Mississippi has set an execution date for an inmate who has been on death row for 21 years after his appeals and legal challenges were unsuccessful.

In a Thursday ruling, the Mississippi Supreme Court granted a motion from the state in the case of Thomas Edwin Loden Jr., a former U.S. Marine Corps recruiter who was convicted in the 2000 rape and killing of a 16-year-old waitress. Loden is to be put to death Dec. 14 at 6 p.m., or as soon as possible within 24 hours of that time.

"After due consideration, the court finds that Loden has exhausted all state and federal remedies for the purposes of setting an execution date under Mississippi Code," Chief Justice Michael Randolph wrote. "Accordingly, the court finds that the state's motion to set execution date should be granted."

The ruling comes after the Mississippi attorney general's office on Oct. 4 asked the court to set an execution date for Loden.

Loden's attorney, Stacy Ferraro, objected, arguing that her client has not exhausted all remedies to try to avoid being put to death.

Loden is part of an ongoing federal lawsuit, along with other death row inmates, challenging the state's lethal injection protocol.
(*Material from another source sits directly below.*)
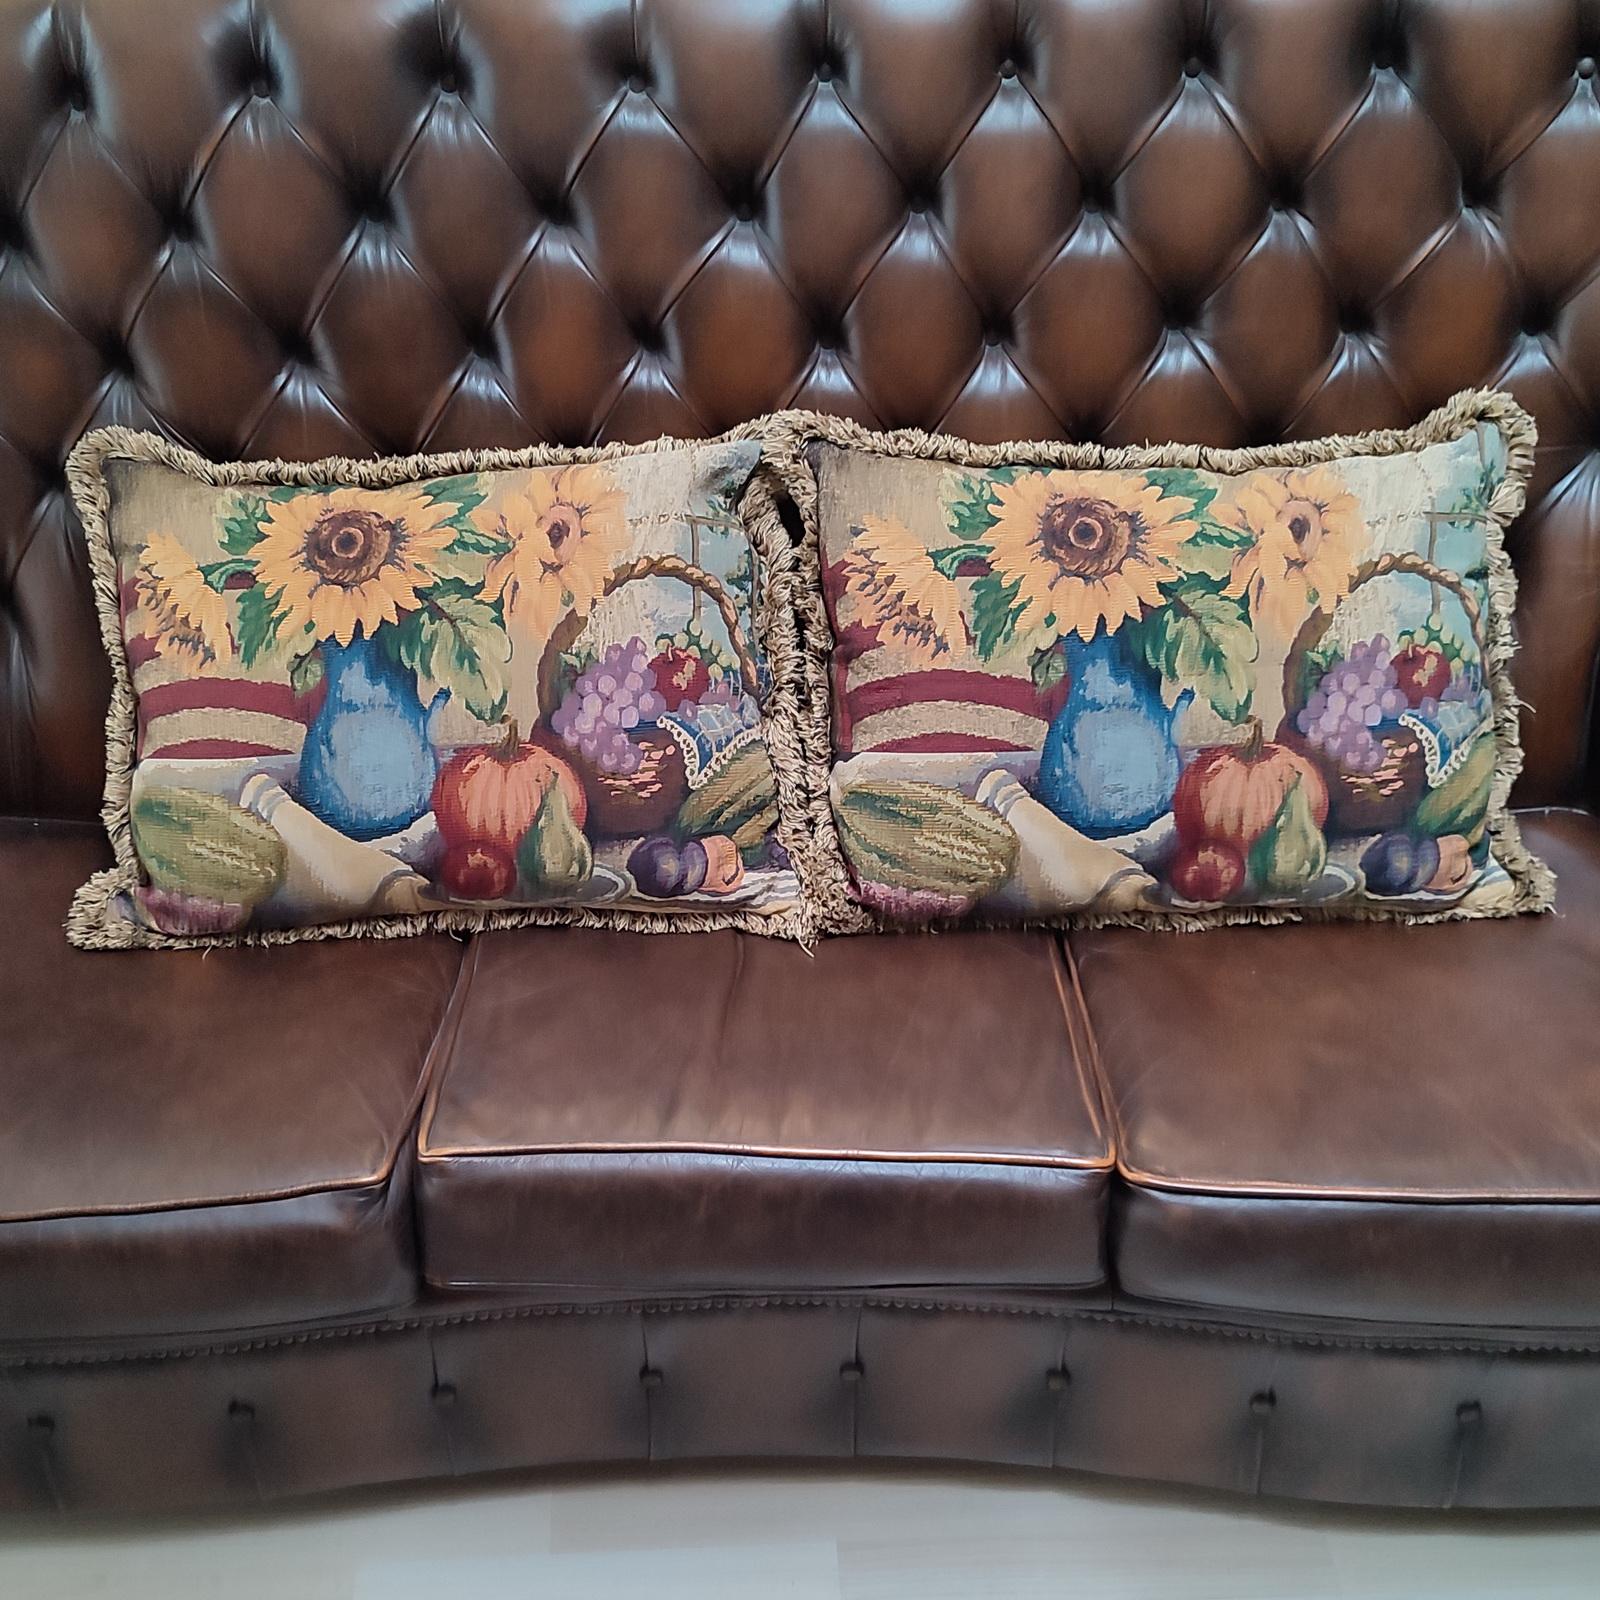 Van Gogh paintings style pair of vintage pillows made of Jacquard fabric with sun flower and basket fruits woven décor. Edge decorated with short tassels. Two pairs available. Backside made of dark brown wool. Very good used condition, some wear to

Mississippi revised the protocol to allow the use of midazolam if thiopental or pentobarbital cannot be obtained.

A federal district judge granted an injunction to prevent the state from using compounded pentobarbital or midazolam, but the 5th U.S. Circuit Court of Appeals reversed that ruling. The case is back at the district court and is unresolved.

The state attorney general's office argued that the pending legal challenge "is not an impediment to setting Loden's execution." Ferraro countered that it would be "inappropriate" for the Court to set a date with the challenge still ongoing.

Ferraro did not immediately respond to a request for comment Thursday.

Loden, now 58, has been on death row since 2001, when he pleaded guilty to capital murder, rape and four counts of sexual battery. According to court documents, Loden kidnapped Leesa Marie Gray, who was stranded on the side of a road in northern Mississippi's Itawamba County on June 22, 2000. The documents said Loden spent four hours raping and sexually battering Gray before suffocating and strangling her to death.

Loden joined the Marine Corps immediately after graduating from high school in Itawamba County in 1982. He served in Operation Desert Storm and went to recruiter school in 1998. Loden started operating the Marines' recruiting office later that year in Vicksburg, Mississippi.

Loden filed several appeals of his conviction, which were denied.

Mississippi's most recent execution was in November. It was the state's first in nine years.